TASK BRIEF → Starting at the line that contains "Bemo 3230140 RhB", transcribe each line exactly through the end of the data below, and skip any pictures.

ENTRIES PROVIDED →
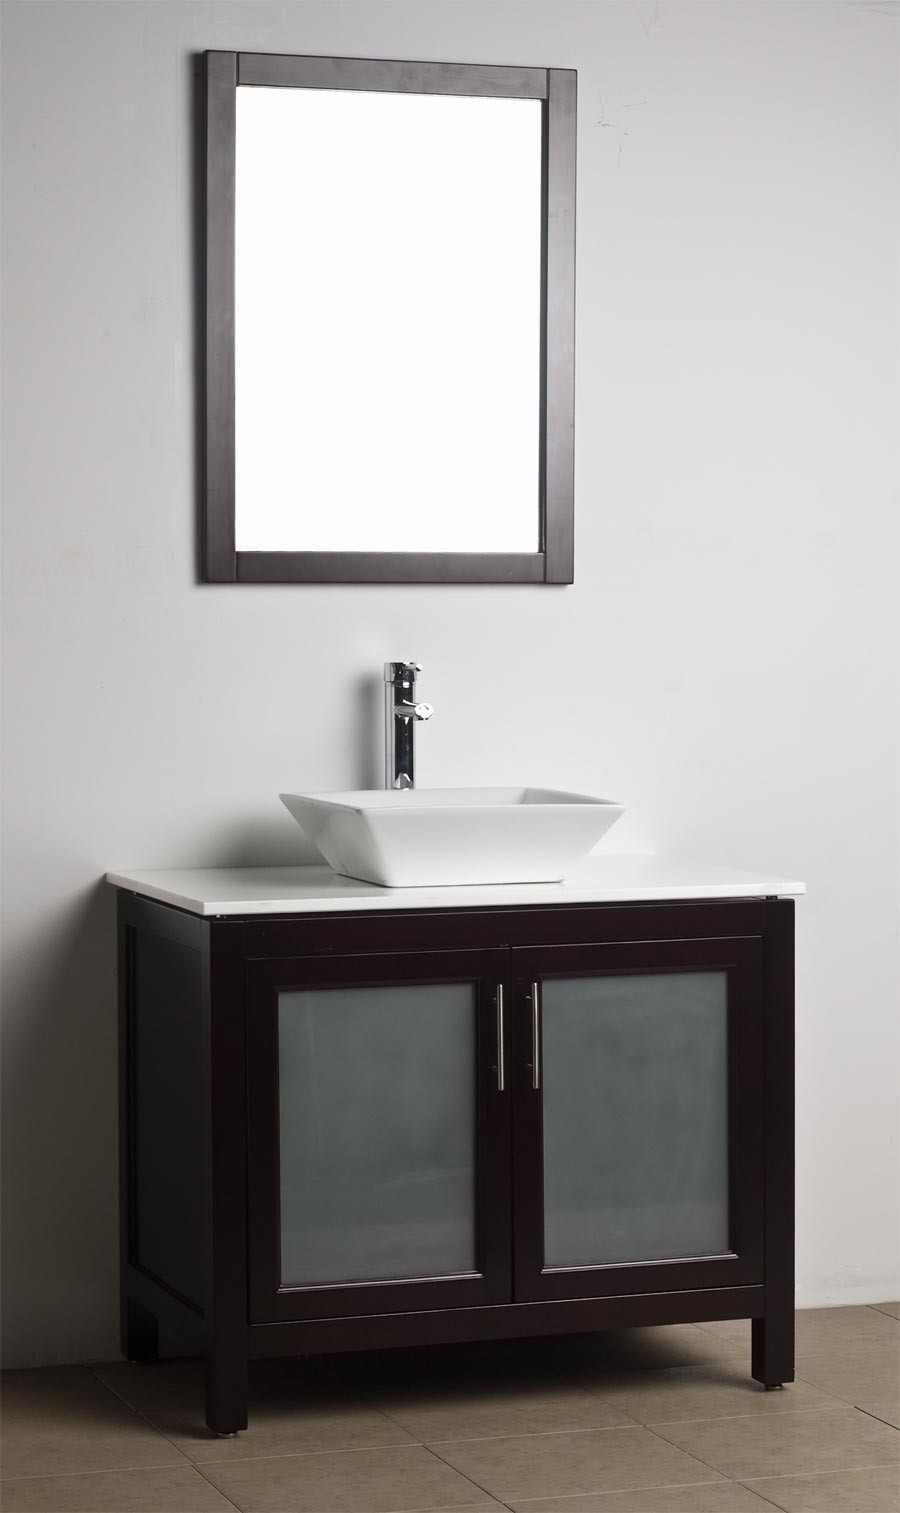 Bathroom Vanity Wood
 Bathroom Vanity Solid Wood Espresso WH 0908 5
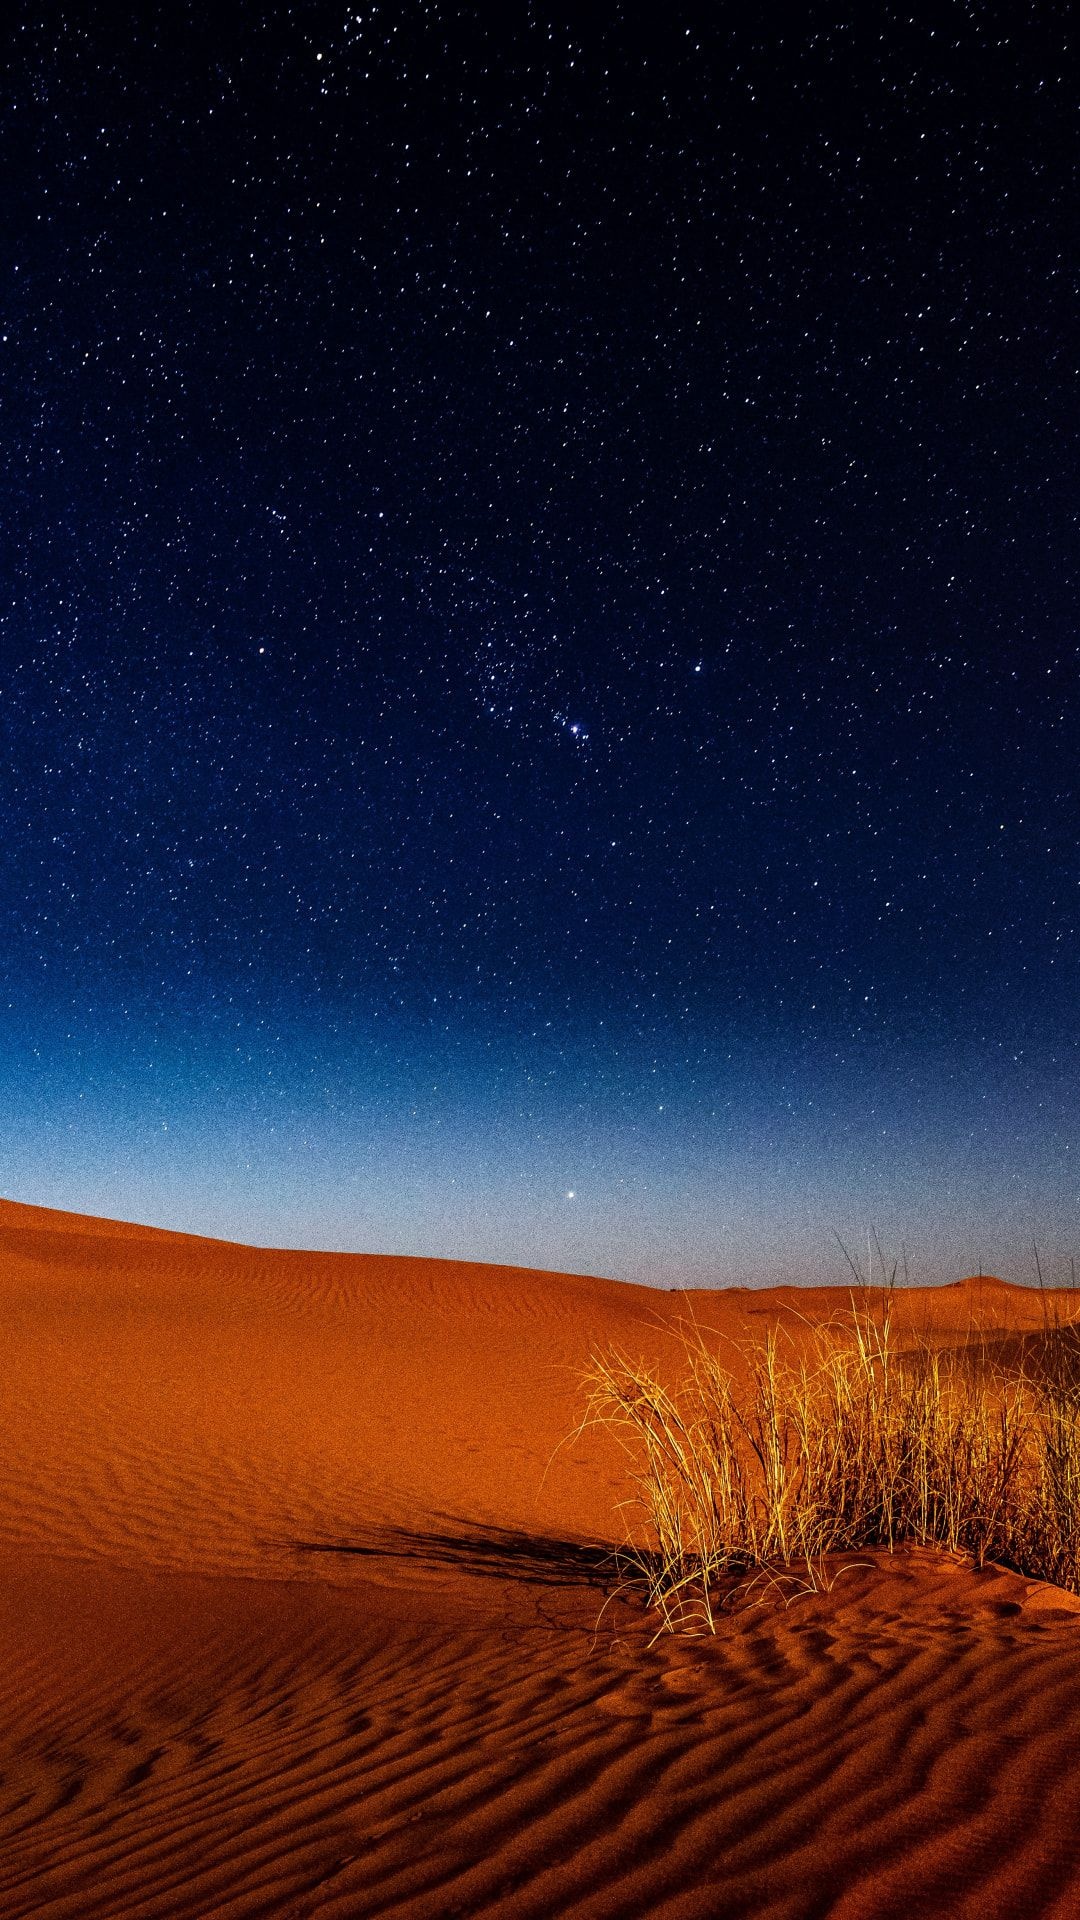 Gobi Desert, Desert at night, Nocturnal beauty, Starry skies, 1080x1920 Full HD Phone
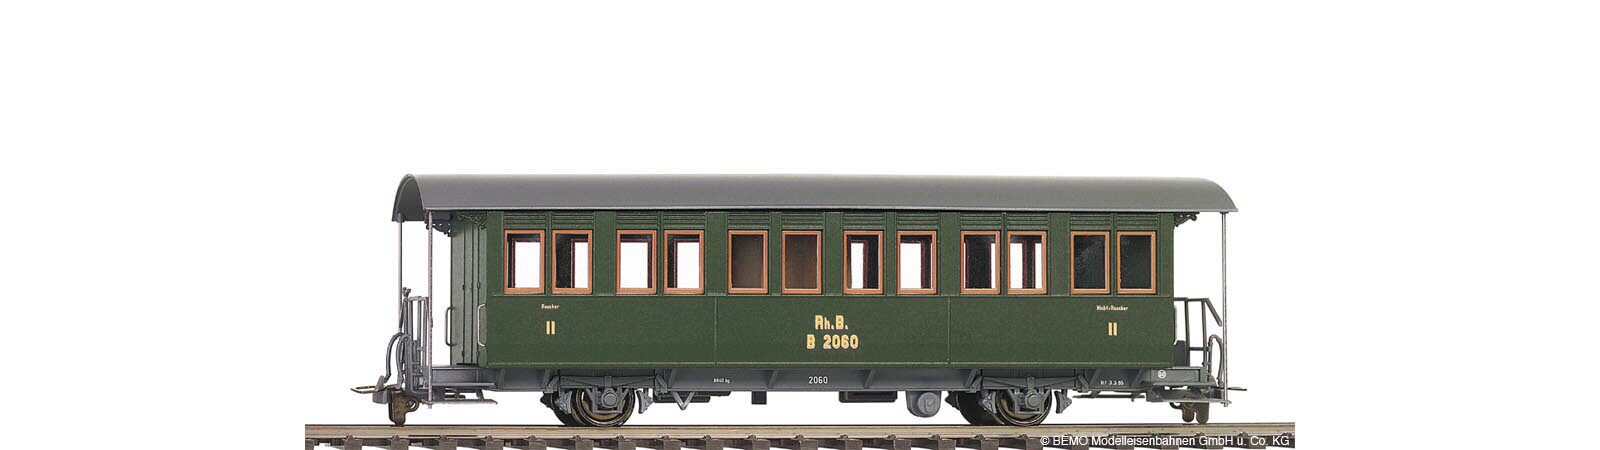 Bemo 3230140 RhB Personenwagen  B 2060 historischer Dampfzug
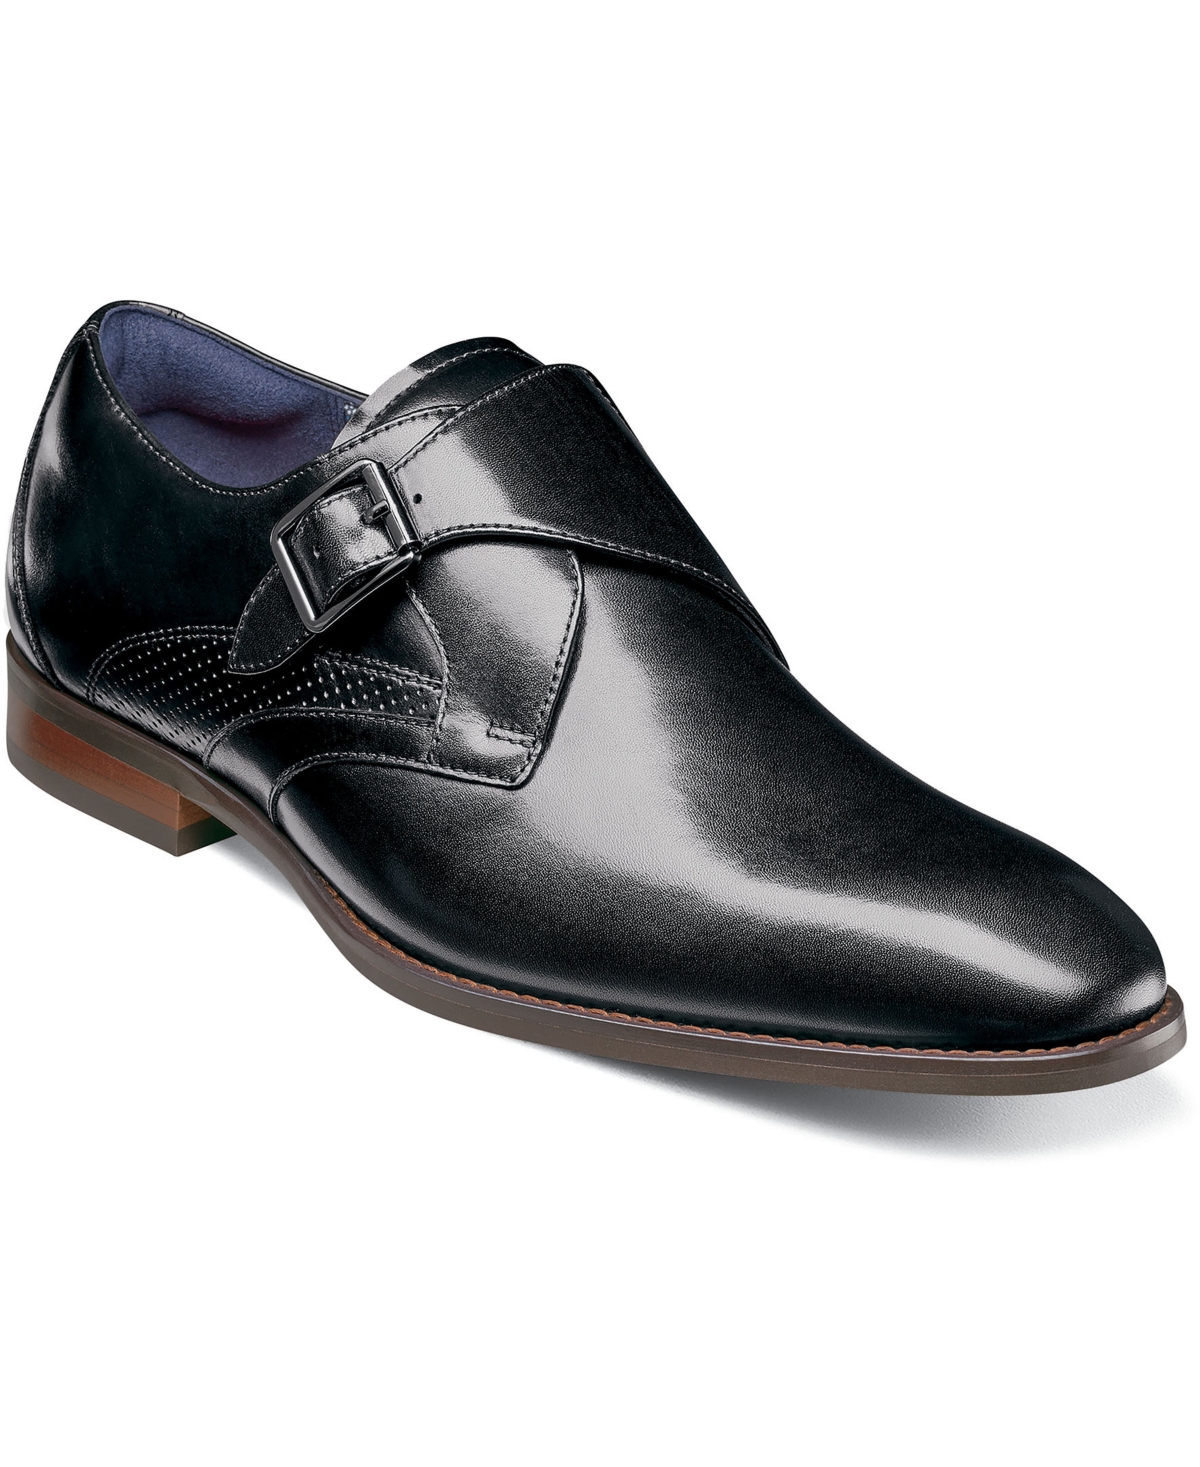 Men's Karcher Plain Toe Monk Strap Slip-On Dress Shoes - Cognac
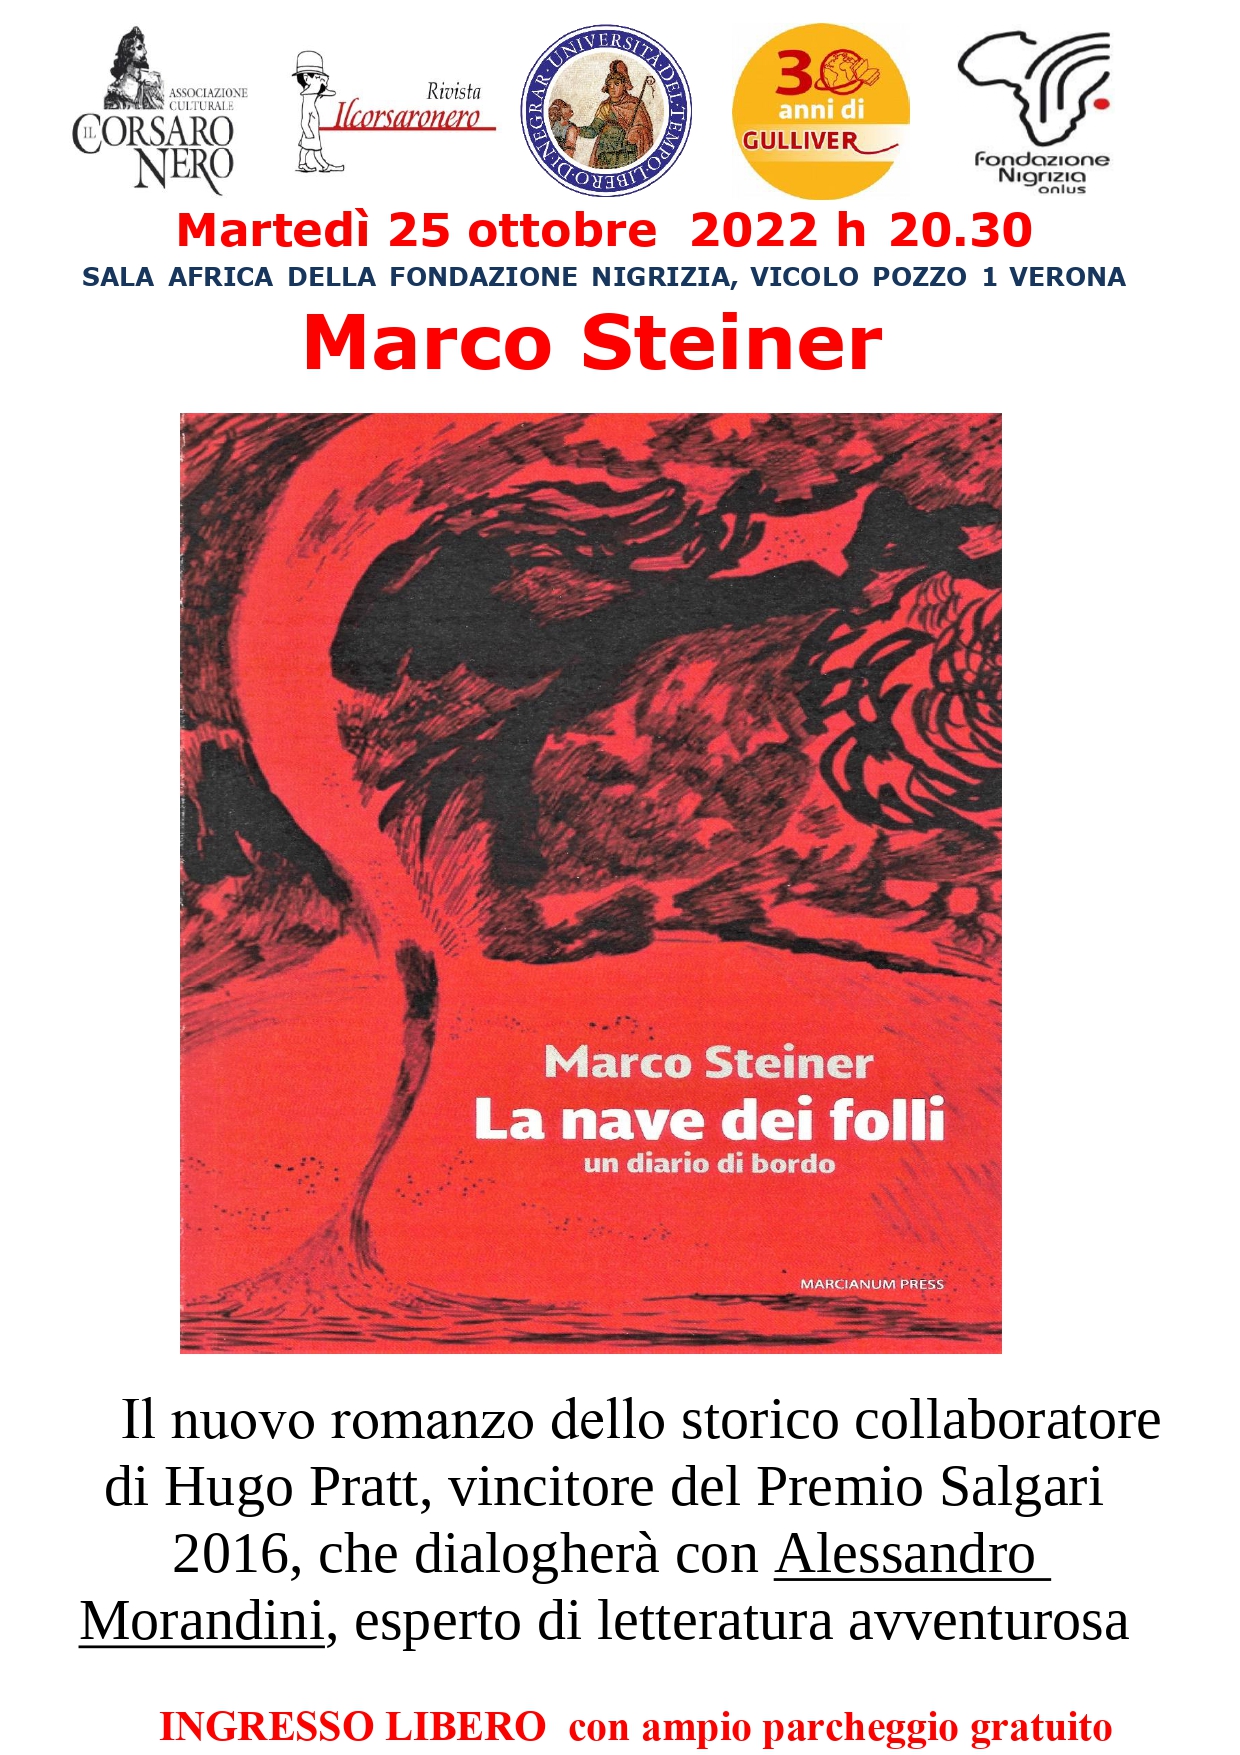 Marco Steiner presenta martedì alla Fondazione Nigrizia la sua “Nave dei folli”

OUTPUT FOR THIS EXERCISE →
 Bemo 3230140 RhB Personenwagen  B 2060 historischer Dampfzug
 Men's Karcher Plain Toe Monk Strap Slip-On Dress Shoes - Cognac
 Marco Steiner presenta martedì alla Fondazione Nigrizia la sua “Nave dei folli”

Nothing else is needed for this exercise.